**WORK REQUIRED**
Would you reproduce the whole listing exactly, dropping any pictures it holds?

**DATA BELOW**

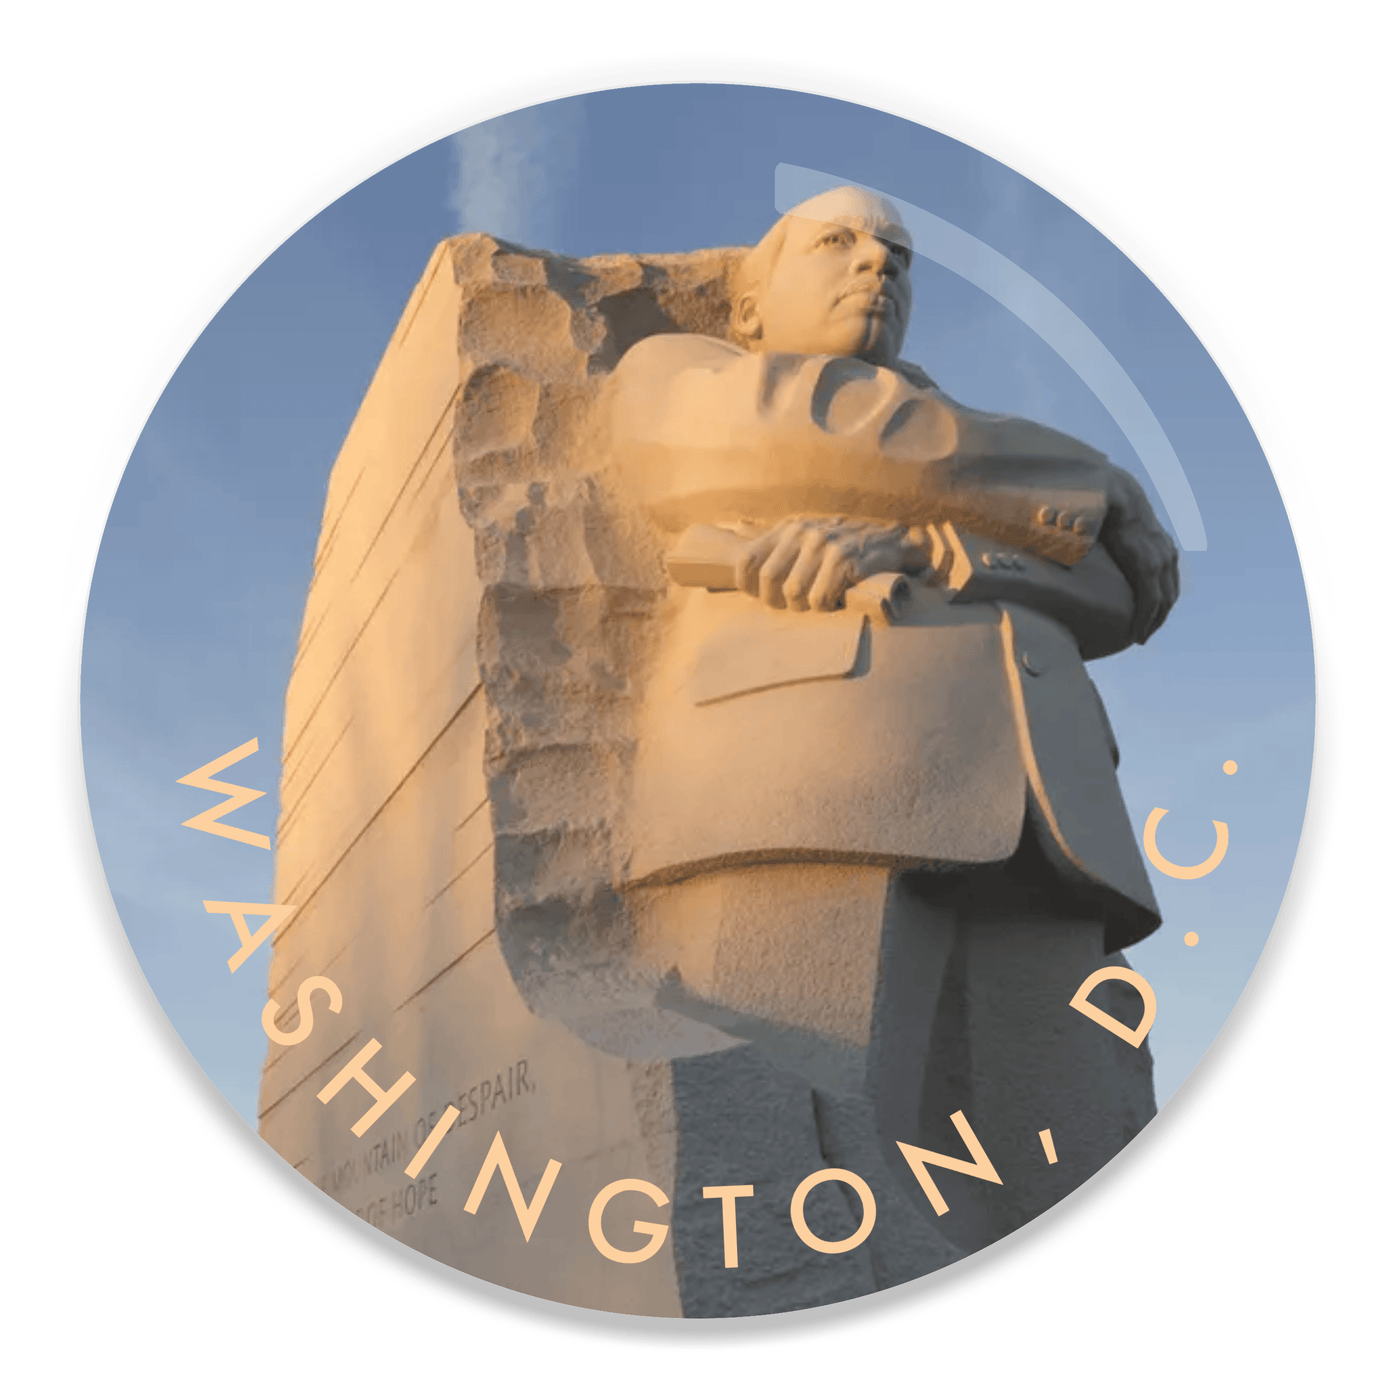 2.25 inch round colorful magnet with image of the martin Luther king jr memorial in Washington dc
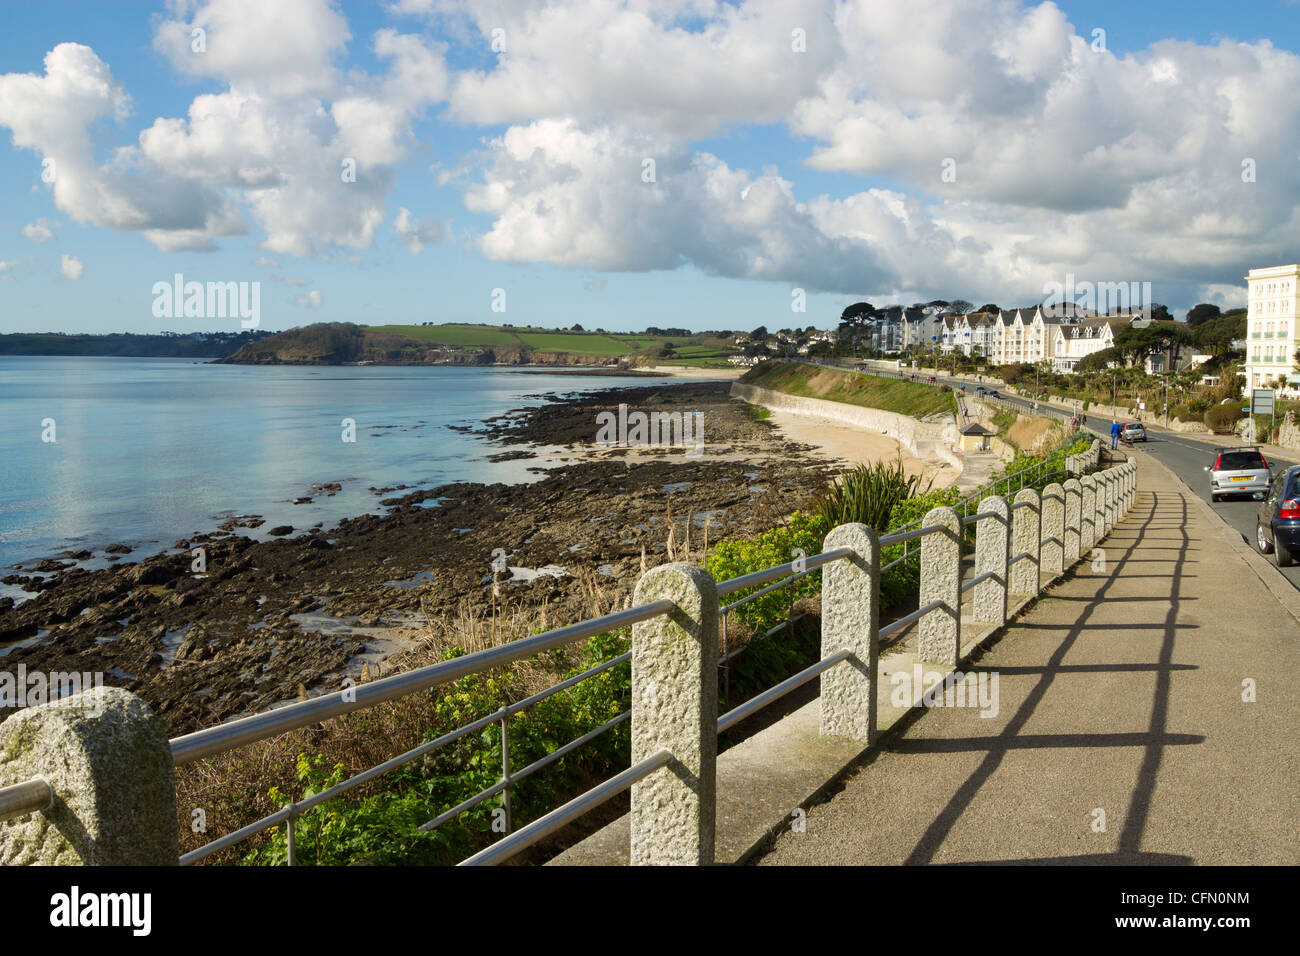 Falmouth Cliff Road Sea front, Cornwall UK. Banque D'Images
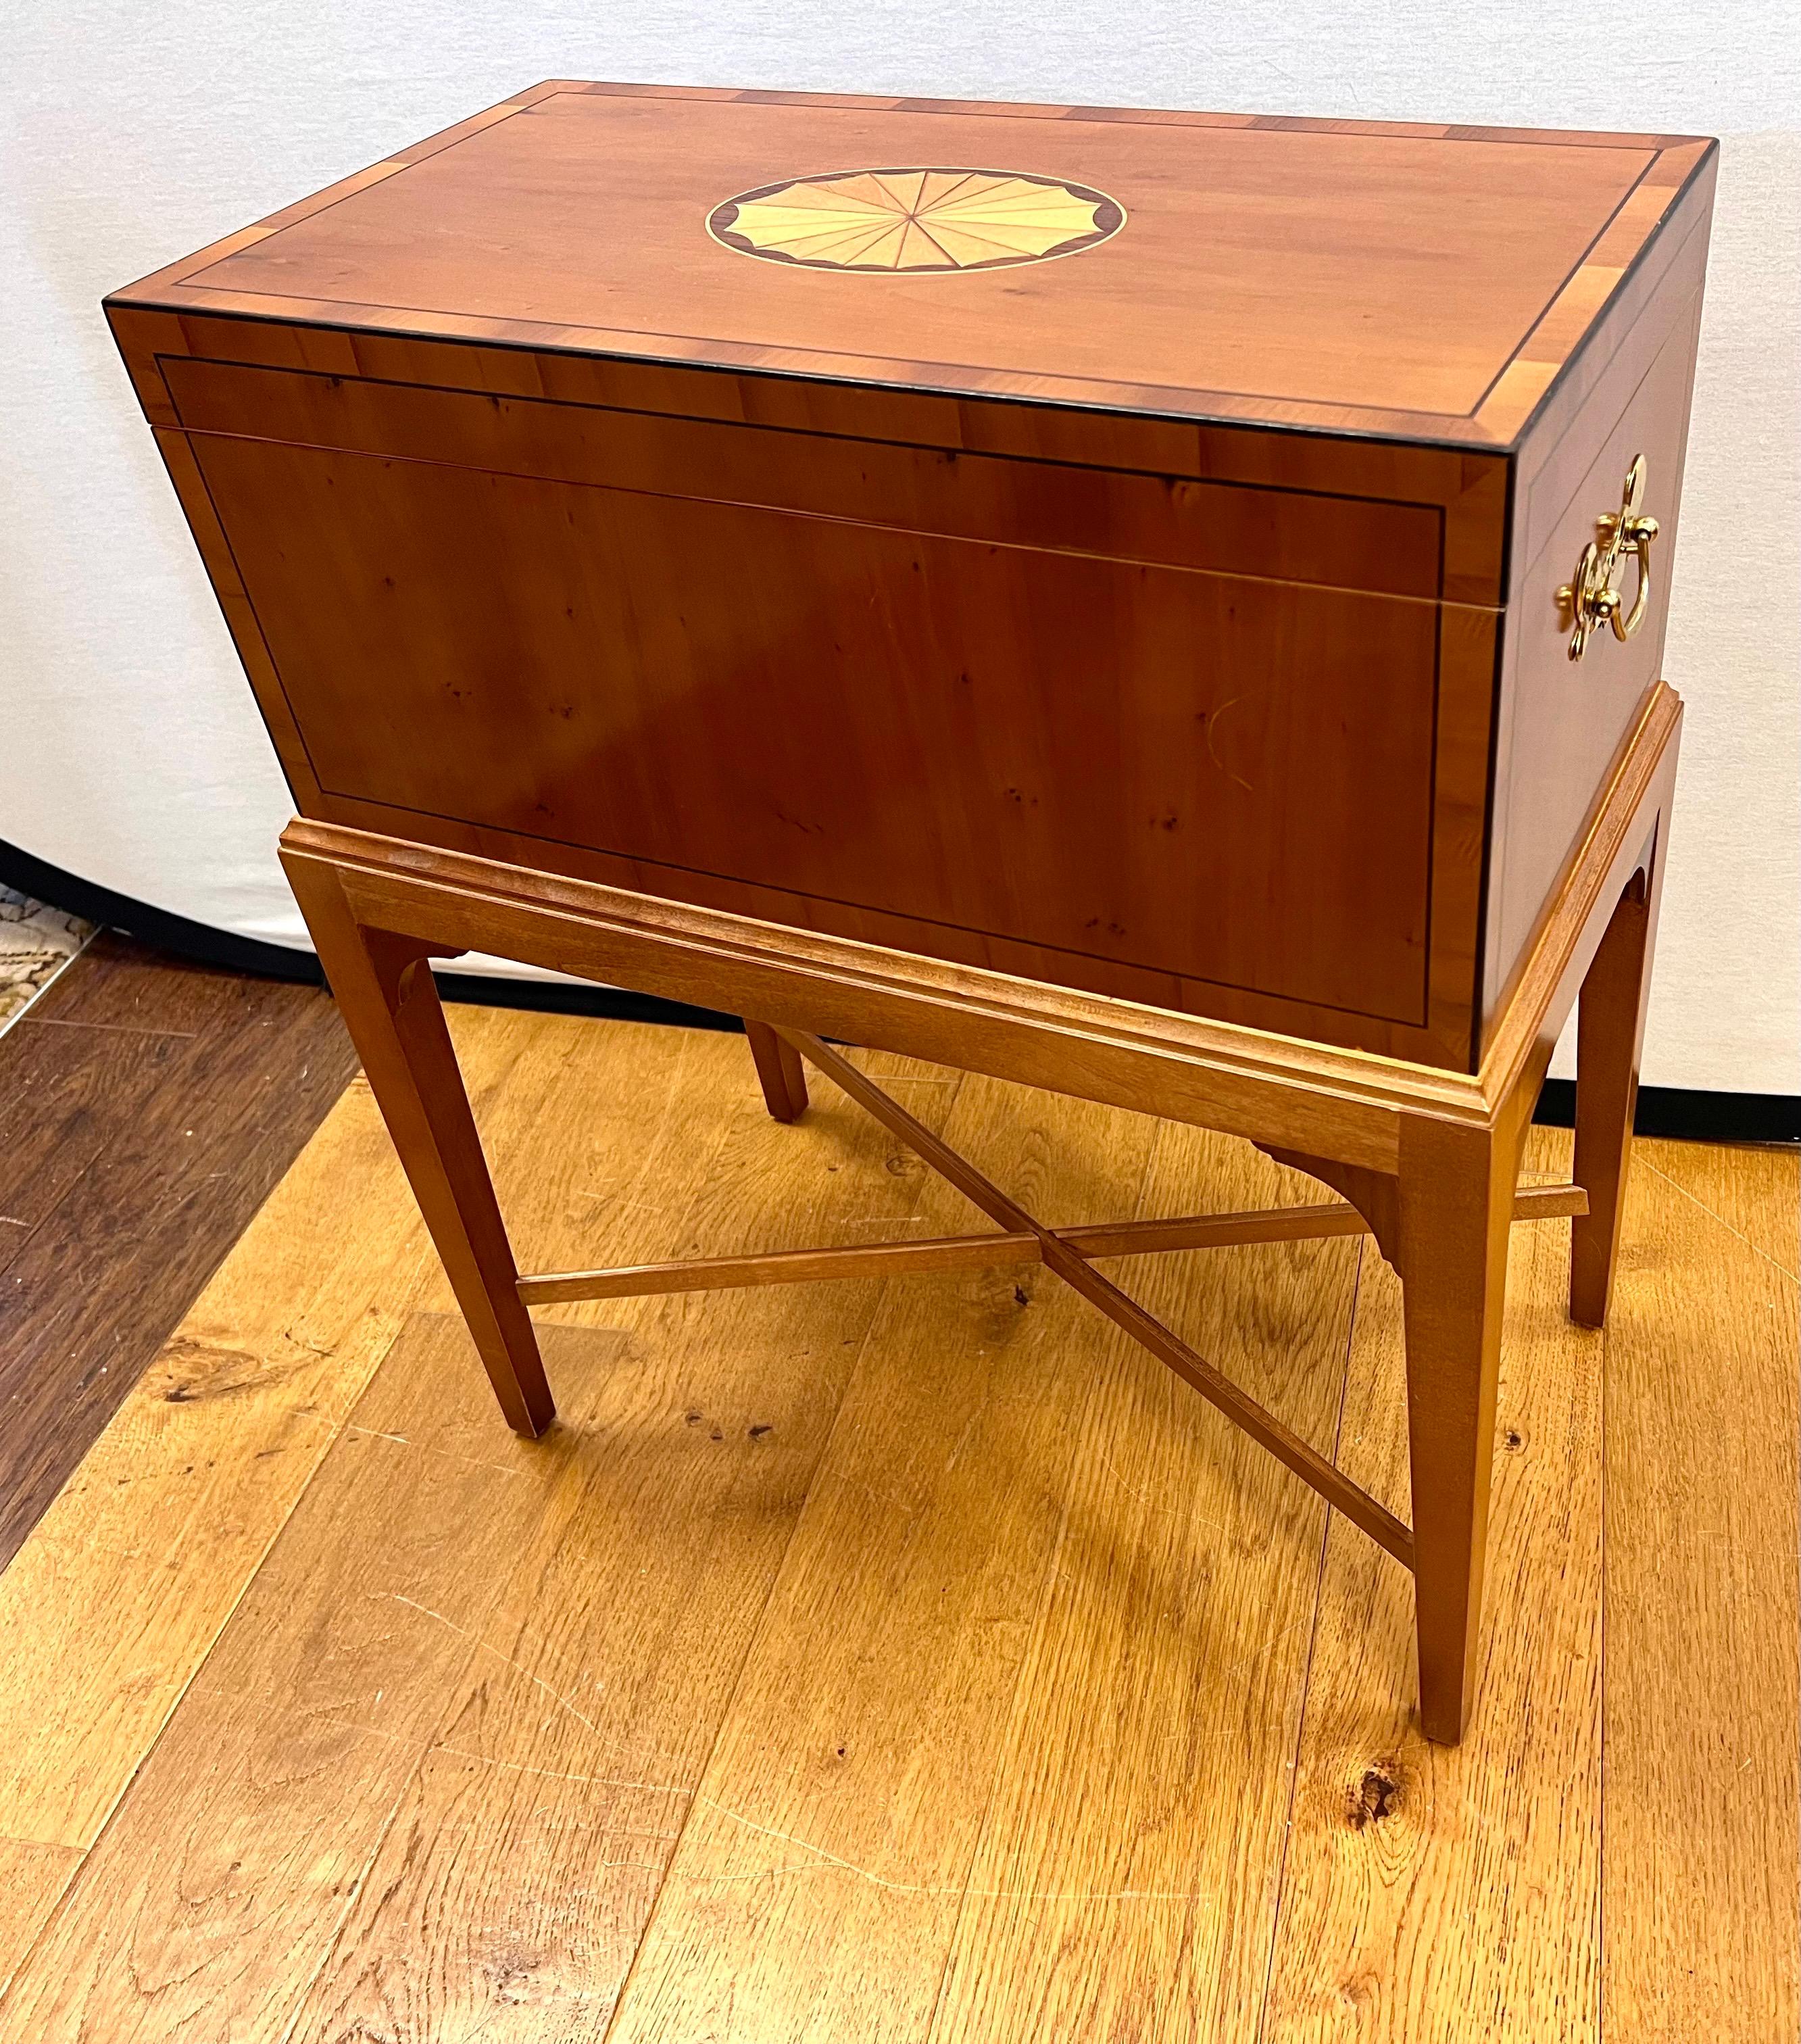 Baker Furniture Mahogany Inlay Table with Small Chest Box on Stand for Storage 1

**SOLUTION TO THE EXERCISE**
 2.25 inch round colorful magnet with image of the martin Luther king jr memorial in Washington dc
 Falmouth Cliff Road Sea front, Cornwall UK. Banque D'Images
 Baker Furniture Mahogany Inlay Table with Small Chest Box on Stand for Storage 1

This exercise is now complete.